▸ **EXERCISE REQUIREMENTS**
Repeat the full listing below verbatim and keep the images out.

Segment Start: DATASET EXCERPT

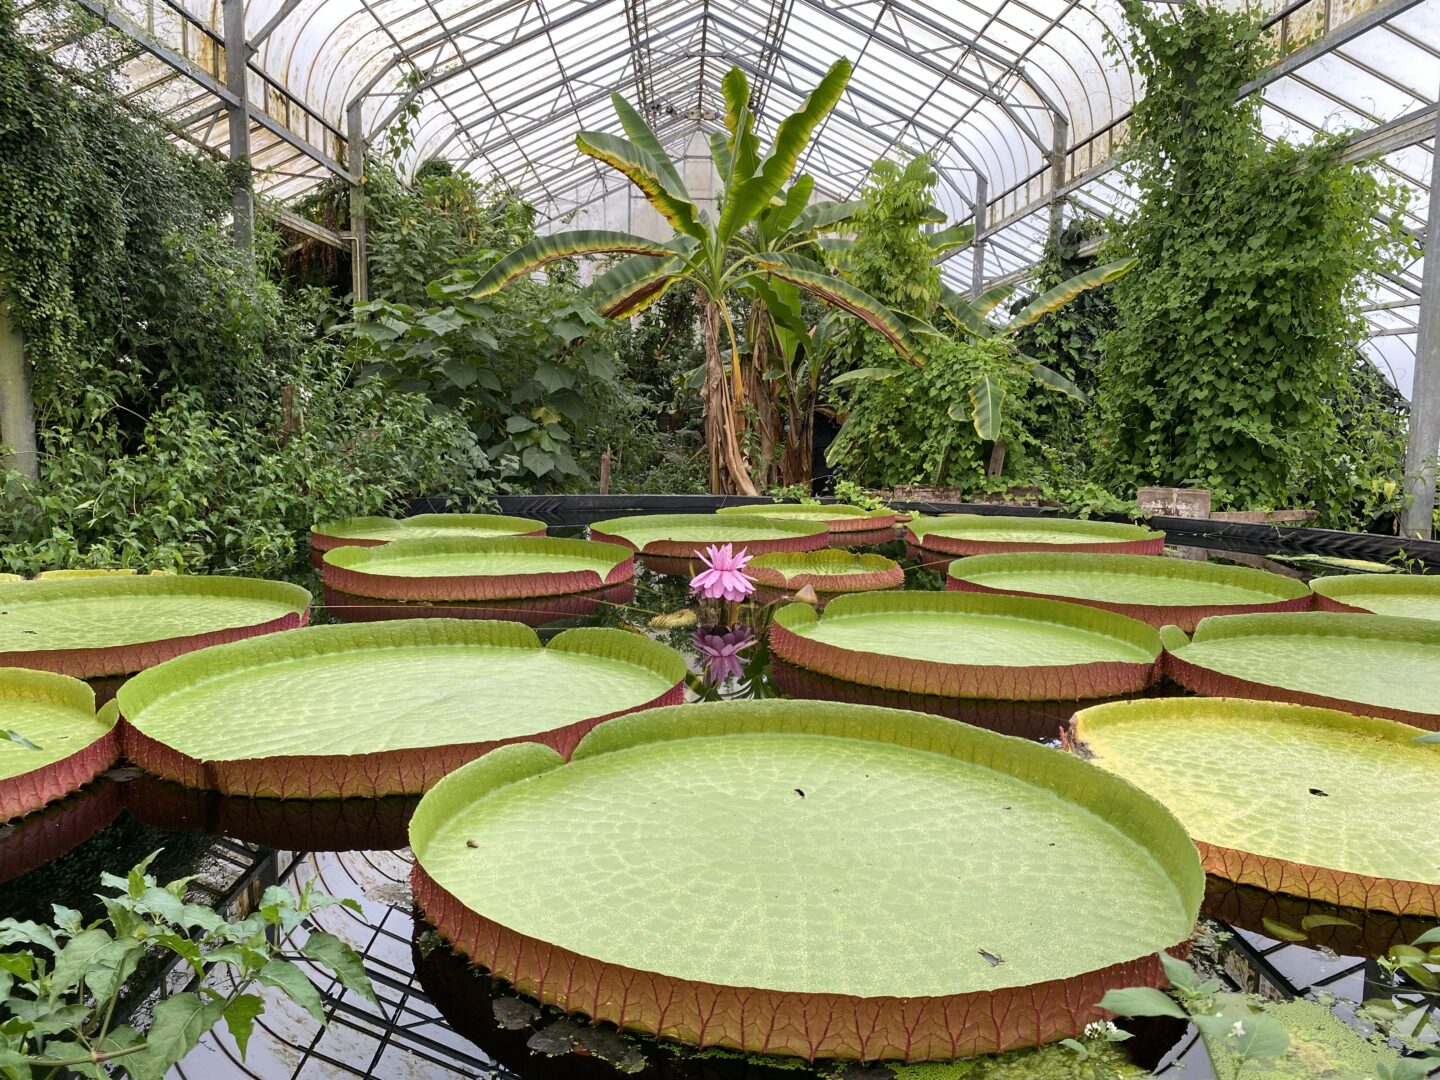 An image taken within the Tropical House of Ventnor Botanic Garden. Tropical trees and plants can be seen in the background and the single waterlily flower in bloom now, 9 hours later showing a deep pink colour.
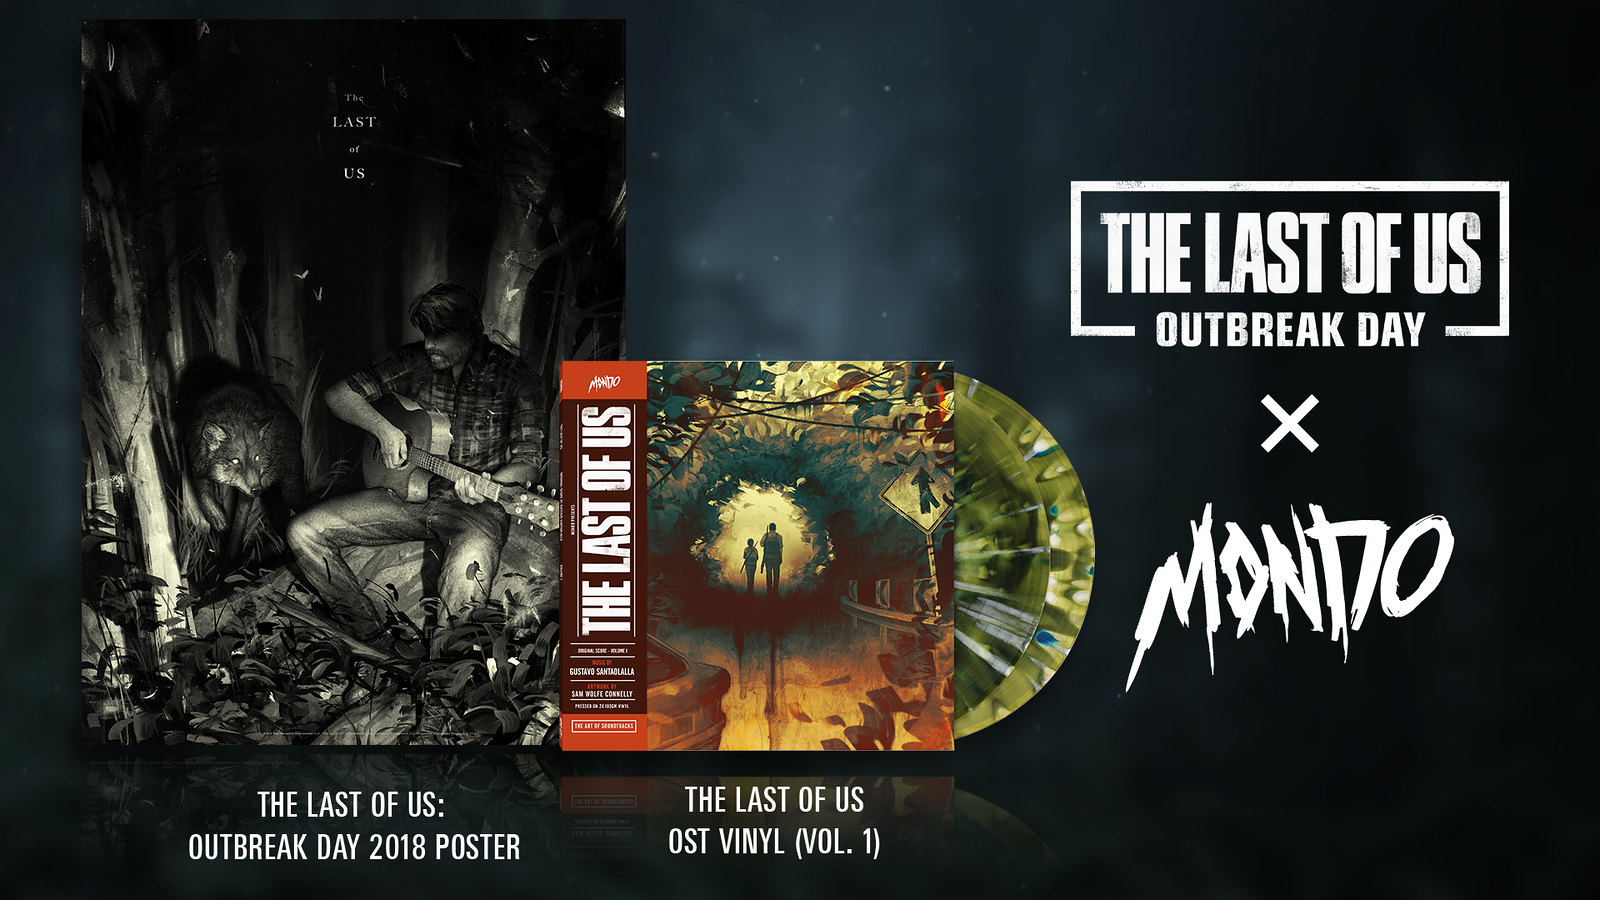 Outbreak Day: The Last of Us
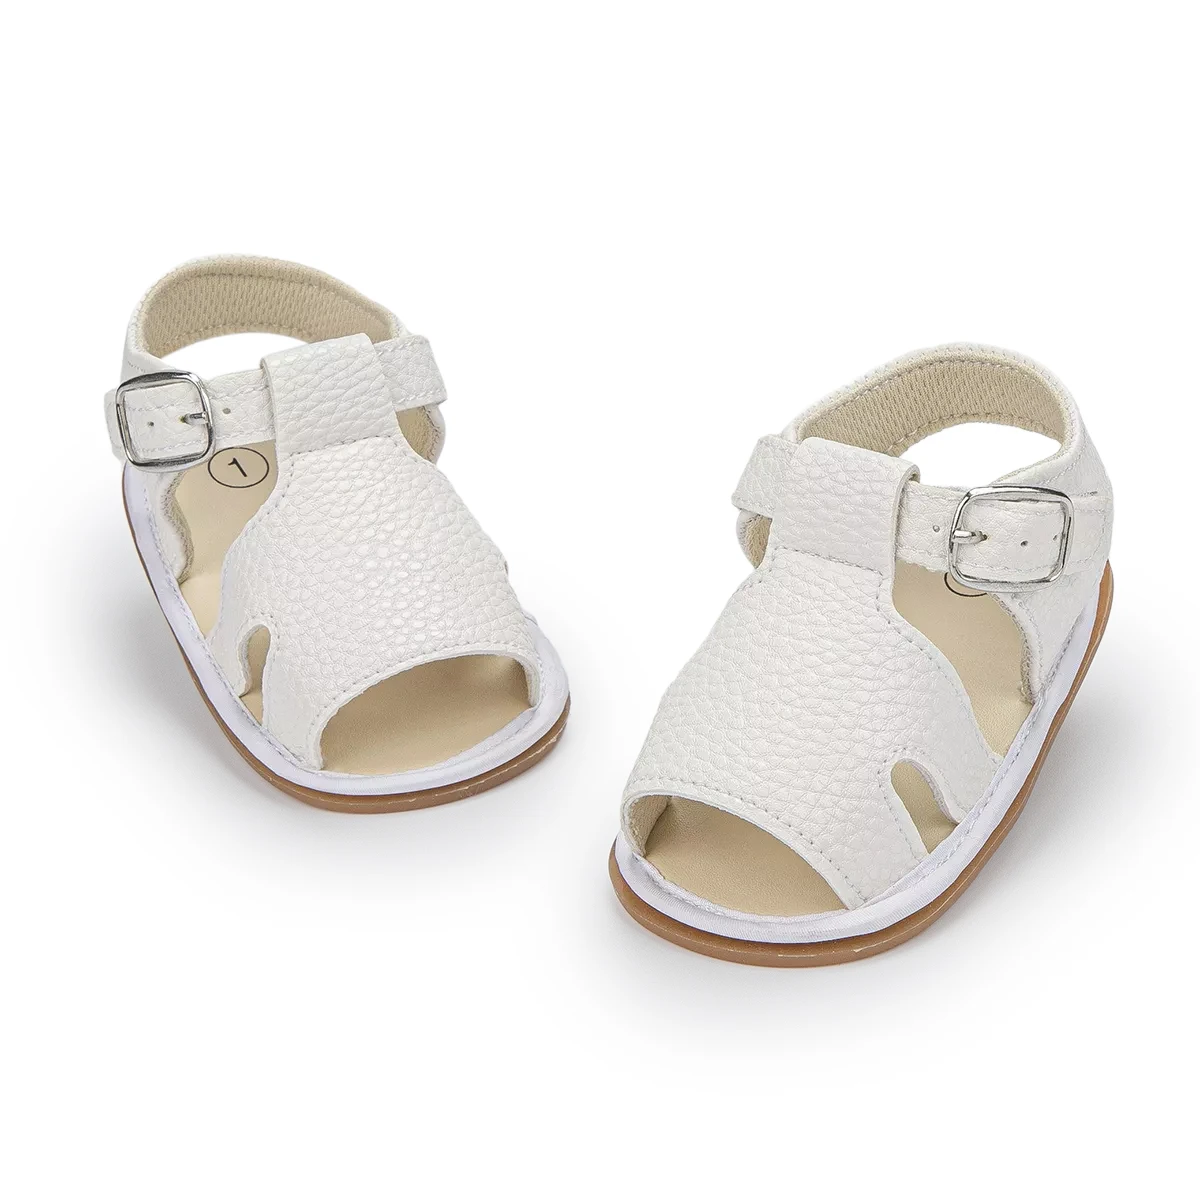 New Fashion PU Leather Rubber Sole Antislip  Easy To Wear 0 18 Months Baby Sandals Shoes

Segment End: DATASET EXCERPT

▸ **RESPONSE TO THE TASK**
 An image taken within the Tropical House of Ventnor Botanic Garden. Tropical trees and plants can be seen in the background and the single waterlily flower in bloom now, 9 hours later showing a deep pink colour.
 Outbreak Day: The Last of Us
 New Fashion PU Leather Rubber Sole Antislip  Easy To Wear 0 18 Months Baby Sandals Shoes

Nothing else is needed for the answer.